Product Environmental Declarations (EPDs): Many EPD programmes, particularly in construction and manufacturing, require or reference ISO 14067 or the aligned ISO 14044 methodology. An EPD without a credible underlying calculation method has limited value to specifiers or procurement teams.

Regulatory and procurement requirements: Frameworks such as the UK government's PPN 006 (carbon reporting in procurement) and various EU product sustainability regulations are pushing carbon data further down supply chains. ISO 14067 provides a methodology that satisfies these requirements.

Consumer and B2B claims: If a company makes a public claim about a product's carbon footprint, ISO 14067 compliance provides a defensible basis for that claim. Unsubstantiated carbon claims carry increasing legal and reputational risk under greenwashing regulations in both the UK and EU.

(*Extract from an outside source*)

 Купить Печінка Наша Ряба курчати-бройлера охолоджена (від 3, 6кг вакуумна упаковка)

For businesses that are not yet doing product-level footprinting, ISO 14067 is the standard to understand before starting. It defines the rules of the game.

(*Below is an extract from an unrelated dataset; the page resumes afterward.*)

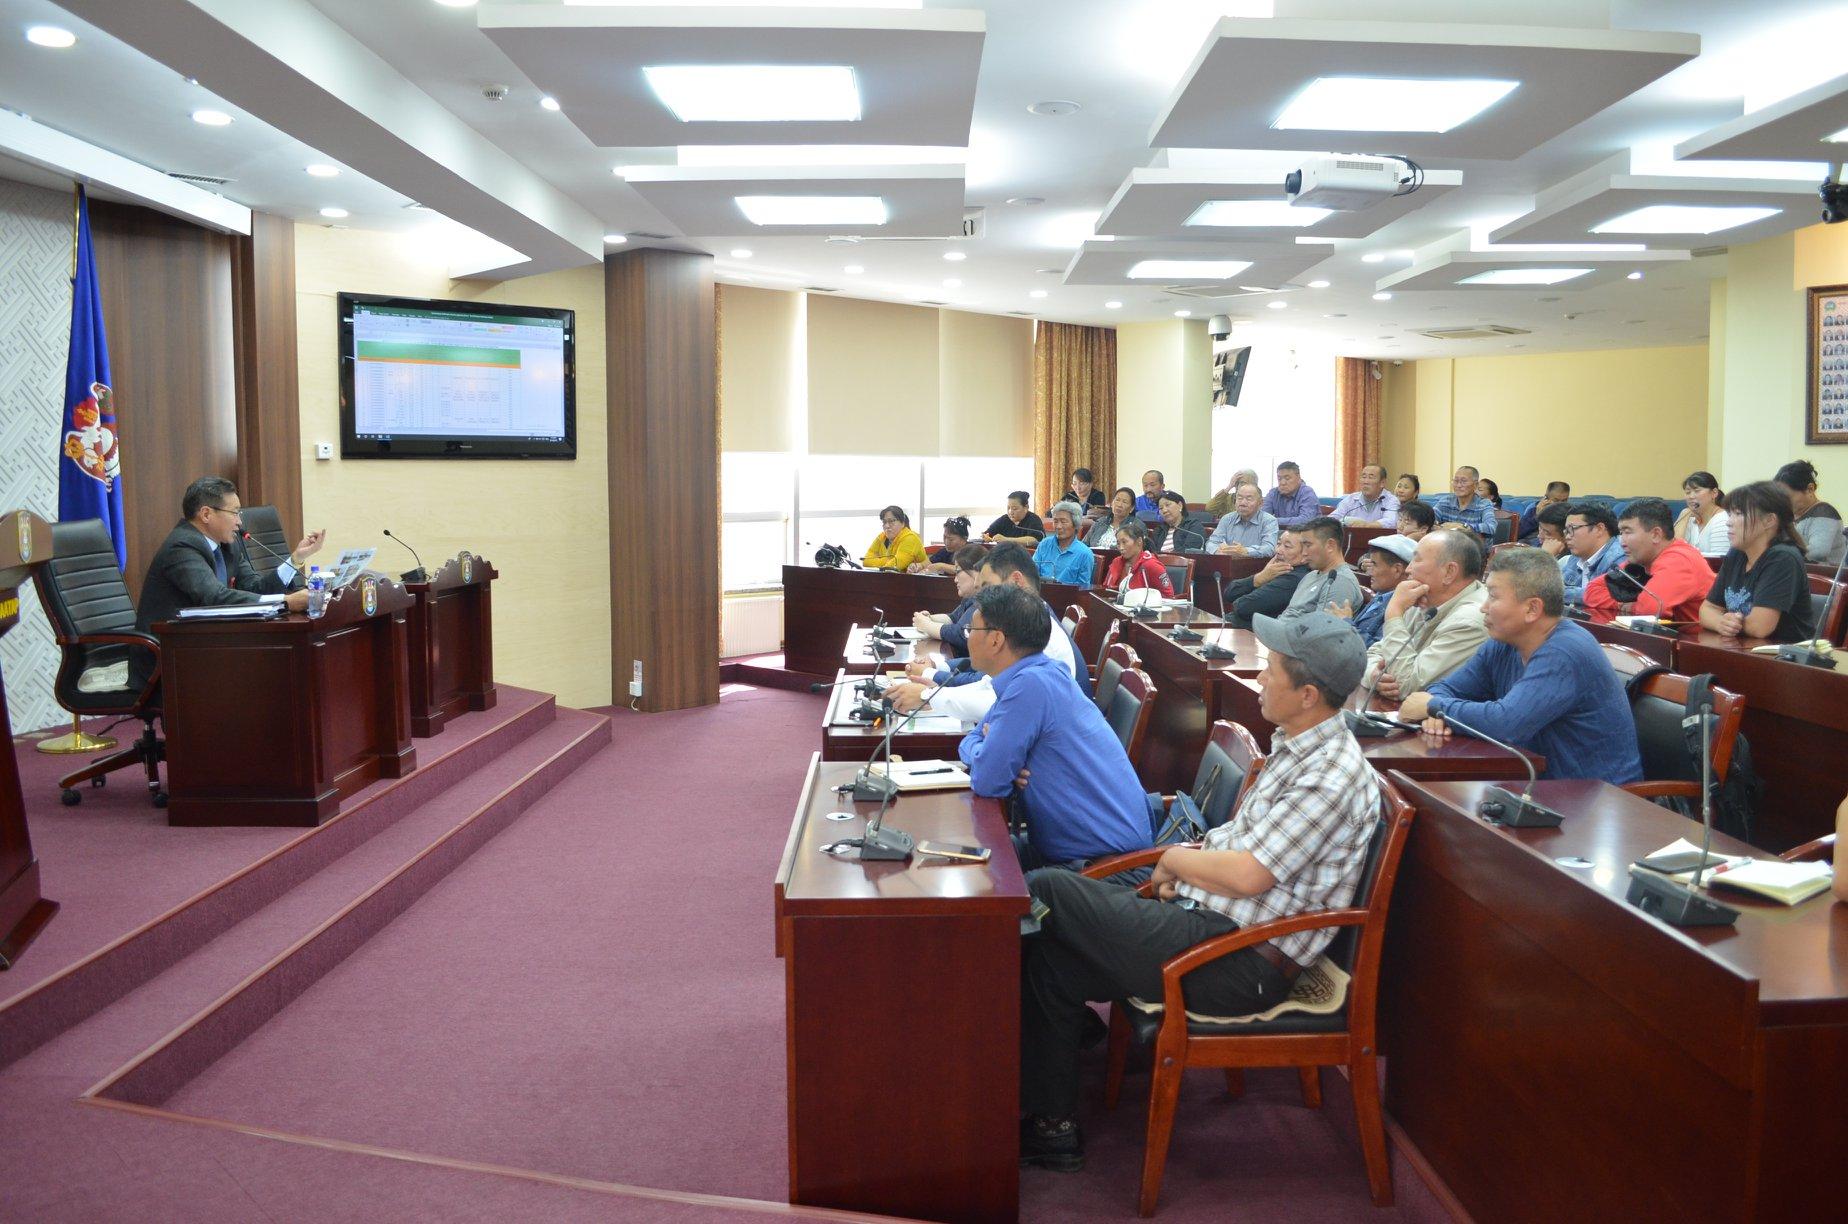 Монгол Улсын Засгийн газрын 2018 оны 62 дугаар тогтоолыг хэрэгжүүлэх ажлын хүрээнд Улаанбаатар хотын Захирагчийн ажлын алба нам даралтын халаалтын зуухнуудыг буулгаж цахилгаан дулаанд холбох ажлыг зохион байгуулж байна.

What is the difference between a product carbon footprint and an organisational carbon footprint?

This is a common point of confusion, and the distinction is important.

An organisational carbon footprint (sometimes called a corporate carbon footprint or GHG inventory) measures the total emissions associated with a company's operations across a defined period, typically a financial year. This is what most companies are referring to when they talk about their "carbon footprint" or "Scope 1, 2 and 3 emissions." The GHG Protocol Corporate Standard governs this type of measurement.

A product carbon footprint (PCF), as defined by ISO 14067, measures the emissions associated with a single product across its life cycle. It is a narrower, more granular calculation that traces emissions from the extraction of raw materials used to make that product through to its disposal or recycling.

The two are related but not interchangeable. A company's organisational footprint is, in theory, the aggregate of all the product footprints across everything it makes or sells, plus its operational activities. In practice, most companies calculate their organisational footprint first and then drill into product-level analysis for specific categories or high-impact product lines.

For businesses using Seedling to manage their organisational carbon footprint, ISO 14067 becomes relevant when suppliers request or provide product-level emissions data, particularly in the form of Product Carbon Footprints (PCFs) or Environmental Product Declarations (EPDs). These figures feed into Scope 3 Category 1 (purchased goods and services) calculations and, when available, replace spend-based estimates with more accurate activity data.

What does an ISO 14067 assessment involve?

Conducting a product carbon footprint to ISO 14067 involves several defined stages:

  1. Define the goal and scope. Establish the purpose of the assessment, the functional unit, and the system boundary (cradle-to-gate or cradle-to-grave).
  2. Conduct a life cycle inventory (LCI). Collect data on all inputs and outputs at each stage of the product's life cycle: energy, materials, transport, waste, and so on.
  3. Calculate the CFP. Apply appropriate emissions factors to each input and output, then sum to produce a total CO2e figure per functional unit.
  4. Interpret and review the results. Identify the dominant emissions sources (hotspots) and assess the sensitivity of the results to key assumptions.
  5. Communicate the CFP. Report the results in line with ISO 14067's communication requirements, including the system boundary, functional unit, data quality, and any limitations.

Third-party verification is not mandatory under ISO 14067, but it is strongly recommended where the results will be used in external communications or procurement. An unverified product carbon footprint carries less weight with customers, auditors, and regulators than one that has been independently reviewed.

Product-level carbon accounting is more data-intensive than organisational footprinting, and the quality of the result depends heavily on the quality of the life cycle inventory data. Using primary data (measured or supplier-provided figures) rather than generic database averages produces more accurate and more credible results.